체크/언체크를 하는 이진수 찾기@2248 , 사회망 서비스@2533이랑 비슷한 트리 DP 형태.
#include <algorithm>
#include <cmath>
#include <cstring>
#include <iostream>
#include <queue>
#include <utility>
#include <vector>
#define mp make_pair
#define pb push_back
#define X first
#define Y second
#define fup(i, a, b, c) for (int(i) = (a); (i) <= (b); (i) += (c))

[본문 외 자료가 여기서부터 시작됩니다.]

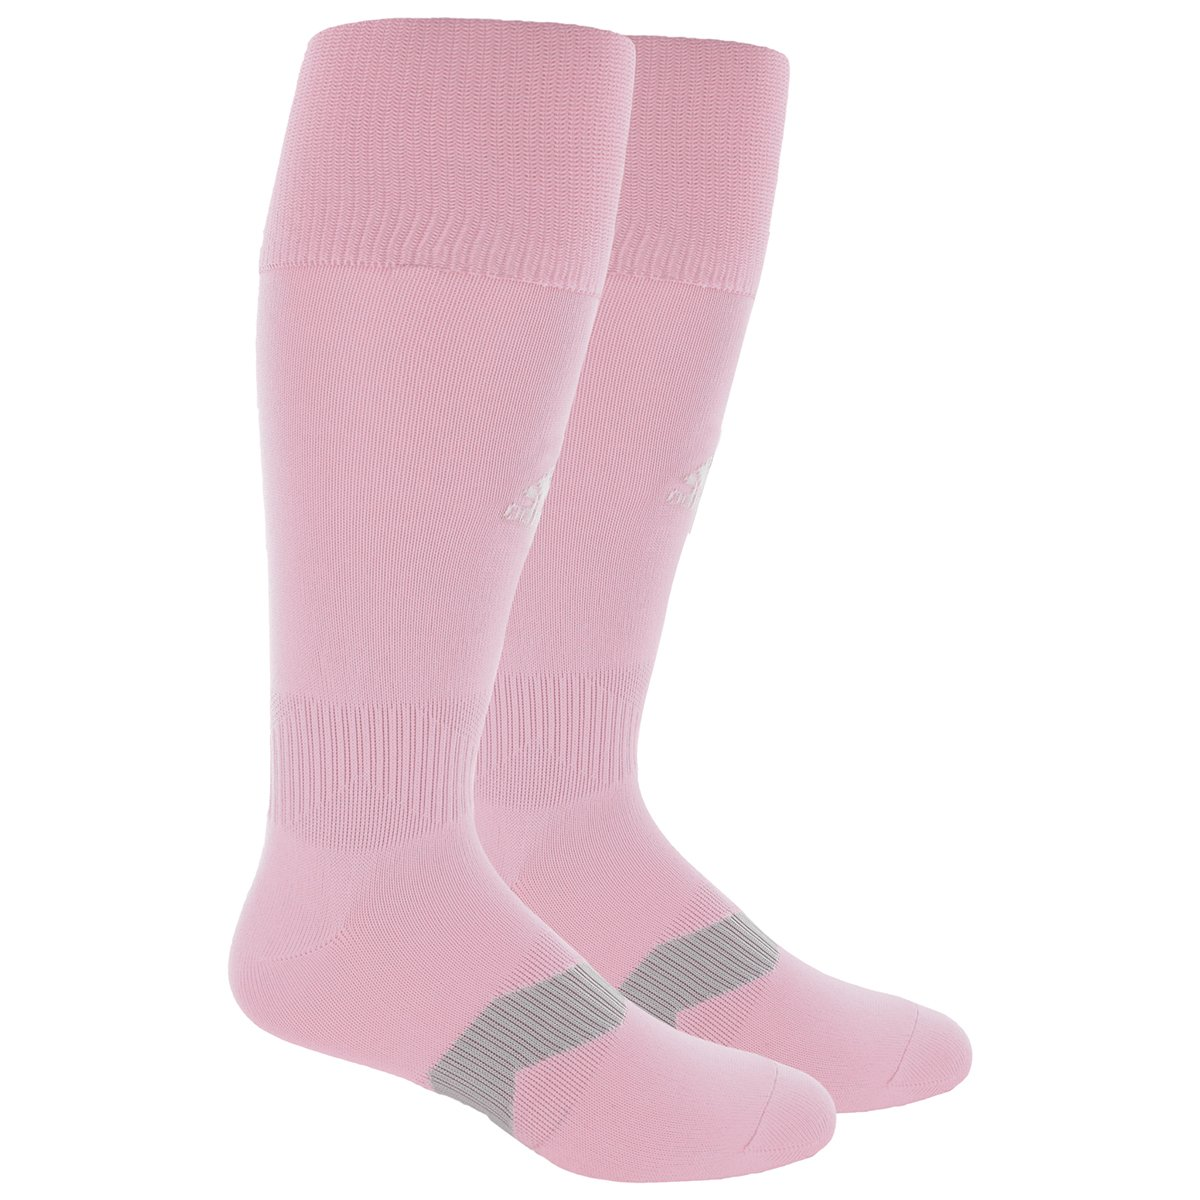 825d08743e13 Galleon - Adidas Metro IV Soccer Socks

#define fdn(i, a, b, c) for (int(i) = (a); (i) >= (b); (i) -= (c))
#define endl "\n"
using namespace std;
typedef long long ll;
typedef pair<ll, ll> pl;
typedef pair<int, int> pi;
typedef vector<int> vi;
typedef vector<pi> vii;
const ll MOD = 1e9 + 7;
const int stMAX = 1 << 18;
const int INF = 1e9;
int N, w, node[100010];
vi adj[100010], tree[100010], answer;
int dp[10010][2], check[10010];
void dfs(int curr, int prev) {
for (int next : adj[curr]) {
if (next != prev) {
tree[curr].pb(next);
dfs(next, curr);
}
}
}
int solve(int curr, bool tf) {
int &ret = dp[curr][tf];
if (ret != -1)
return ret;
if (tf) {
int ans = 0;
for (int next : tree[curr]) {
ans += solve(next, false);
}
return ret = ans + node[curr];
} else {
int ans = 0;
for (int next : tree[curr]) {
int res1 = solve(next, false);
int res2 = solve(next, true);
if (res1 < res2) {
check[next] = 1;
}
ans += max(res1, res2);
}
return ret = ans;
}
}
void track(int curr, bool tf) {
if (tf) {
answer.pb(curr);
for (int next : tree[curr]) {
track(next, 0);
}
} else {
for (int next : tree[curr]) {
track(next, check[next]);
}
}
}
int main() {
ios_base::sync_with_stdio(0);
cin.tie(0);
memset(dp, -1, sizeof(dp));
cin >> N;
fup(i, 1, N, 1) {
cin >> node[i];
}
fup(i, 2, N, 1) {
int a, b;
cin >> a >> b;
adj[a].pb(b);
adj[b].pb(a);
}
dfs(1, 1);
int solve1 = solve(1, 0);
int solve2 = solve(1, 1);
if (solve1 < solve2) {
check[1] = 1;
}
cout << max(solve1, solve2) << endl;
track(1, check[1]);
sort(answer.begin(), answer.end());
for (int p : answer) {
cout << p << " ";
}
}